Por mucho que adore los juegos de naves, entiendo por qué el género está desapareciendo. Son muchas cosas las que están haciendo que uno de los contextos más paradigmáticos e históricamente importantes de la historia del videojuego esté marchitándose poco a poco. La que fue en su momento la fórmula mainstream por antonomasia, aquella que llegó a convertirse en sinónima de videojuego a secas, en la época de Galaga o Space Invaders, ha ido sufriendo un encogimiento progresivo, un estrechamiento paulatino de sus fronteras que la han ido alejando del público generalista en favor de otros videojuegos más populares, como los plataformas en los noventa, o los sandbox y los shooters en primera persona en la actualidad.

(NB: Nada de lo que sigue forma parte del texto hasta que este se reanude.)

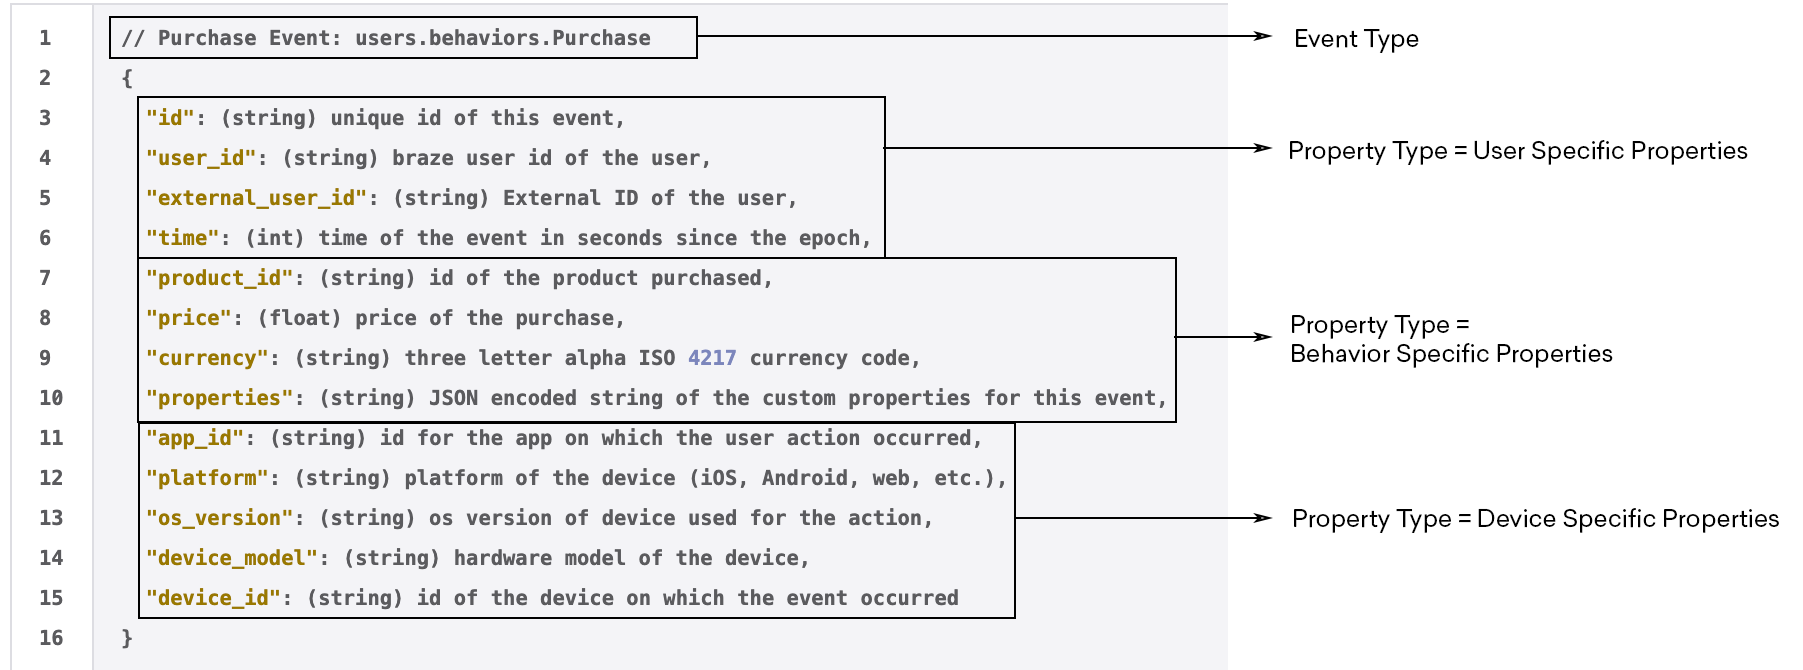 Breakdown of a user event showing a purchase event with the listed properties grouped by user-specific properties, behavior-specific properties, and device-specific properties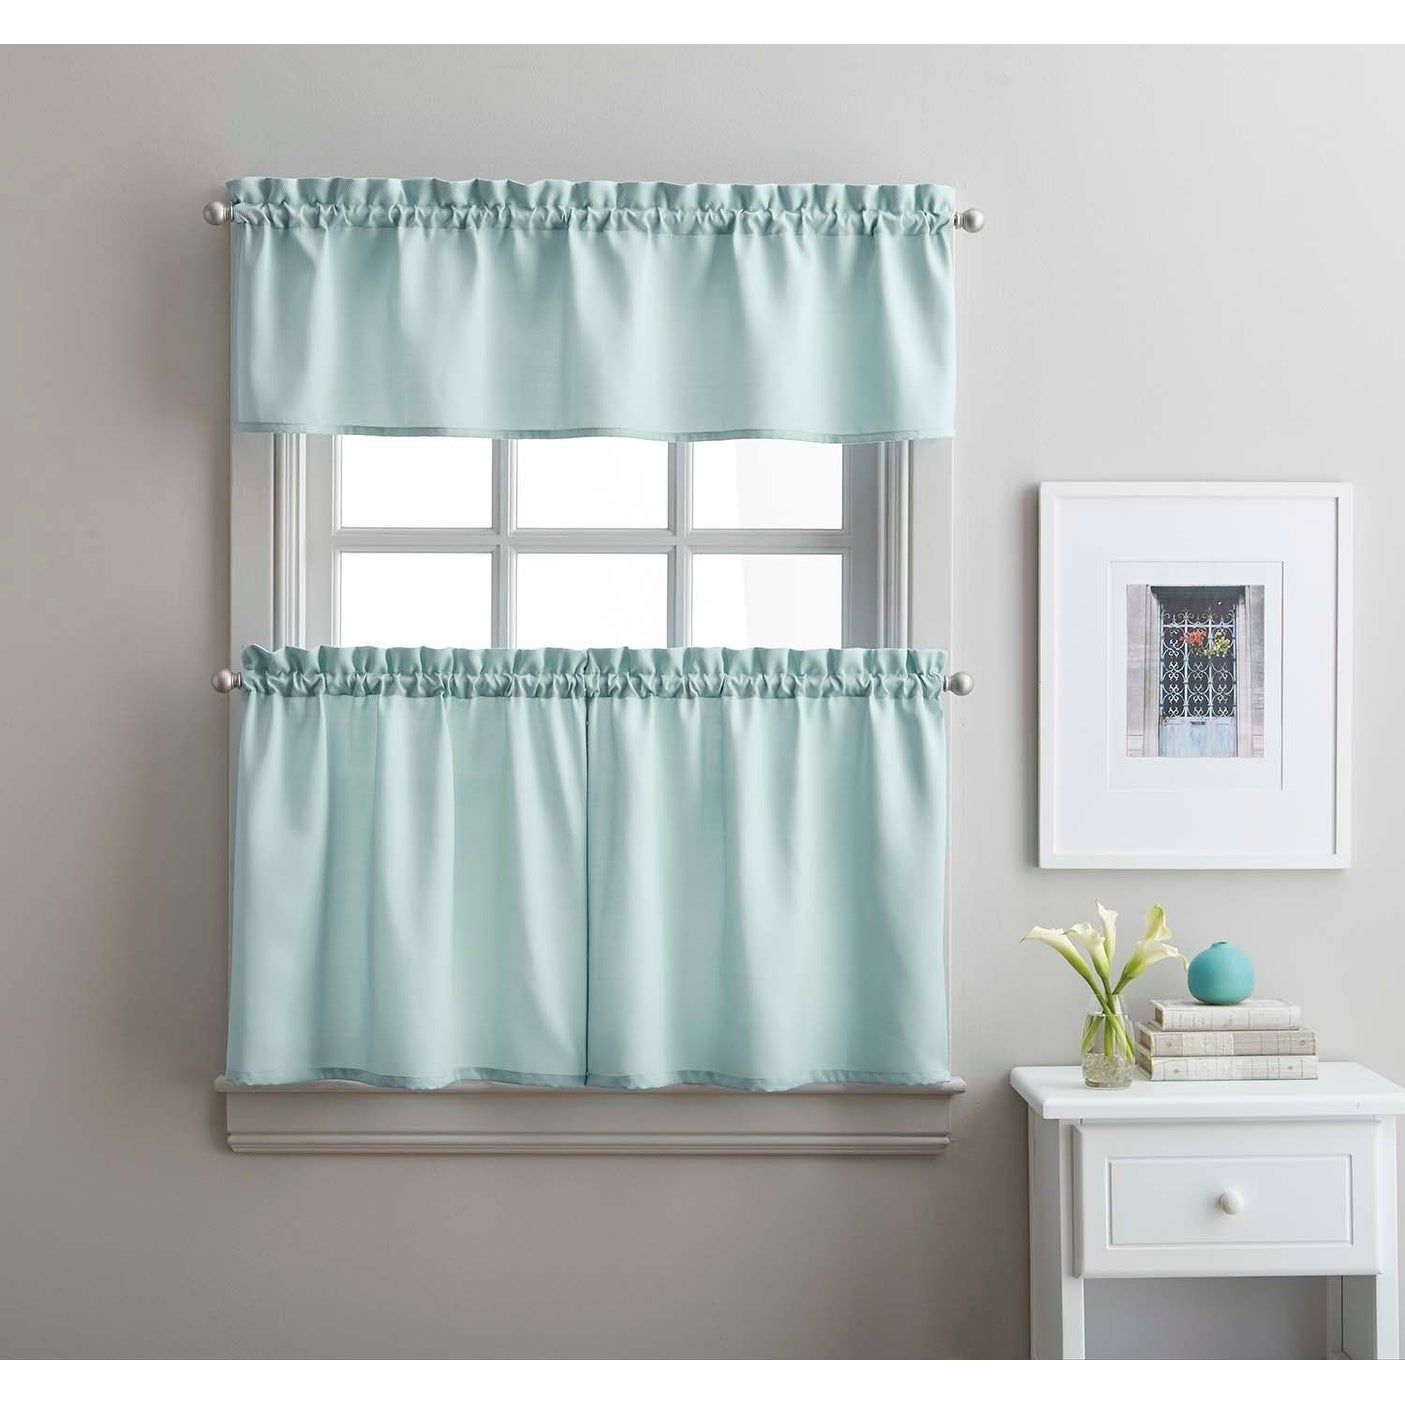 Twill 3 Piece Kitchen Curtain Tier Set For Wallace Window Kitchen Curtain Tiers (View 4 of 20)

Parte del problema radica en cómo funciona un STG (otra forma de referirse juegos de naves). Los shmups son juegos muy pequeños, diseñados para ser completados en menos de una hora, asumiendo que uno ha desarrollado el callo suficiente con el juego como para ser capaz de completar la hazaña. Esto, sin embargo, es de todo menos fácil, y por eso la relación del jugador con el juego de naves se basa, en realidad, en horas y horas de práctica, paciencia y disciplina intercaladas por un par de partidas en las que todo se alinea para llegar a la meta. Jugar a juegos de naves y aprender a jugar juegos de naves son una y la misma cosa, y hacen que la idea de disfrutar de este género se parezca mucho a todo ese grupo de actividades que, como aprender a tocar un instrumento o a hablar un idioma, consisten en la adquisición progresiva de una habilidad más que en el disfrute instantáneo de la misma. Esta forma de jugar, basada en poner tiempo y esfuerzo de forma continuada para algo de lo que no vamos a obtener los frutos hasta mucho tiempo después, por mucho que tenga de bella, de admirable, de valiosa como testimonio de una época, la de los arcades, que ya no existe, es una forma de jugar que no tiene sentido en el panorama actual. Por mucho que me duela reconocerlo, está, al menos en los términos del público generalista, completamente obsoleta.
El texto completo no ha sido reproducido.